I had to keep my own fascination with decay in check. Dorset was no sarcophagus but was brimming with creativity and strange invention. I stumbled over a curious story involving the eccentric cult author Baron Corvo who may, or may not, have painted a mural on a Christchurch church wall in the 1890s, photographing his models leaping in mid-air to capture their poses. The sculptor Elizabeth Frink lived and worked on the steep slopes of Bulbarrow Hill, but I found the hill had also been the inspiration for a song by Half Man Half Biscuit. I walked a path under an impressively flamboyant disused railway bridge which led me to where Derek Jarman went to school, and inspired Jubilee, the closing scene of which is played out along the Dorset coast, recalled in his memoir Dancing Ledge, named after the cliffs where a schoolmaster dynamited a swimming pool from the rocks. In Bournemouth I stood in the carpark beneath which was buried the Winter Gardens, the legendary music venue which hosted performers including The Beatles, Buzzcocks (whose support was Joy Division), Richard Hell and the Voidoids, David Bowie, and its final act, Ken Dodd. 

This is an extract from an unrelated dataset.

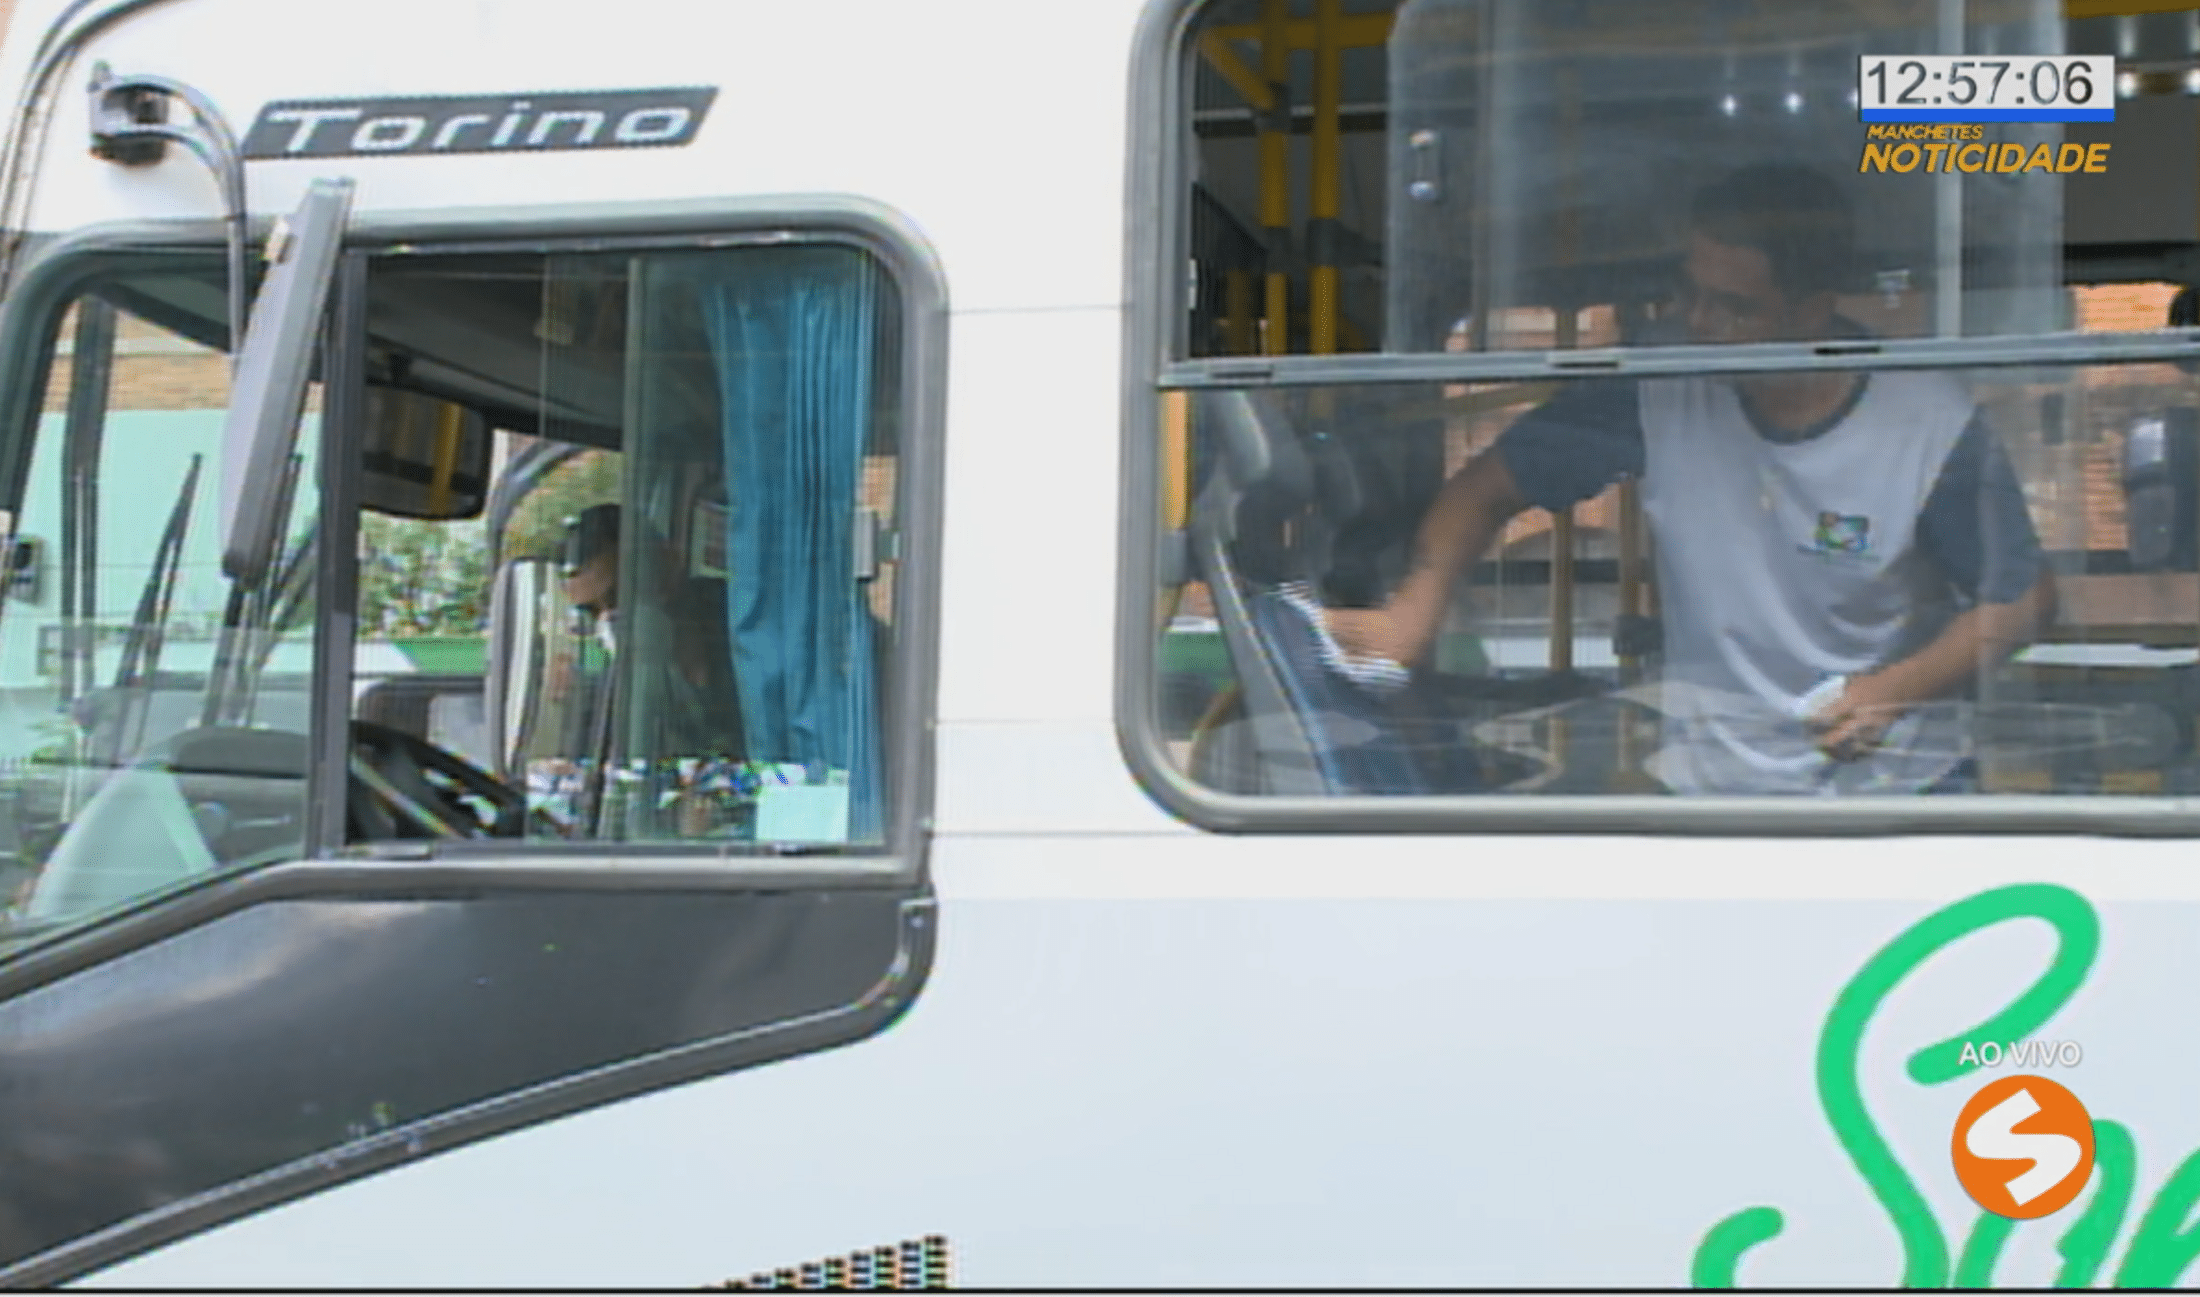 Transporte municipal de Sorocaba passará a atender em horários reduzidos

As a teenager I hated Thomas Hardy, awkward for someone writing a book about Dorset. This was partly the fault of a 1980s school curriculum which insisted on several years spent in the company of Jude the not quite obscure enough. I disliked Hardy’s fatalism, found ‘done because we were too menny’ hilarious and especially  didn’t buy the idea of landscape as character. But traipsing round the heart of Hardy’s Wessex I found something of what he meant when he wrote that his was a ‘partly real, partly dream country’ — somewhere in the shadow of the imagination. I was struck by how often I came across votives, notes and relics left for the recently departed at spots associated with the sacred: in yew trees that marked the boundary of the henge around the ruined church at Knowlton, a flash of the yellow flower goldenrod wrapped in some damp tissue paper in the crevice of a stone barrow, at another ruined church on Portland and in trees at St Augustine’s Well near the earthworks that mark the location of the abbey at Cerne Abbas, close to the giant’s monstrous priapism. We’re less inclined to tick C. of E. in a box on a census form, but like the nineteenth century rebels, people continue to find meaning in the land. 

I don’t like the idea that books write themselves, that once the scene is set, the writer withdraws: there’s always agency, there’s always responsibility. Peter, my endlessly encouraging and patient editor, urged me to write about what interested me, but I find it hard to shake the notion that the book formed itself, slowly and sometimes painfully, out of Dorset, its landscape, rebellions, music, literature and people. I hope I’ve done it some justice, but immersing myself in Dorset’s specificity and variety was its own reward. Writing and researching wasn’t always pleasant: I fretted too much, got lost many times, was soaked to the skin on occasion, was shouted at by strangers twice and had a telling-off from a senior clergyman, but even these small misadventures enriched the experience. I’ve shelved the Dorset books and stopped the furious walking and note-taking, but find I miss the county’s constant company.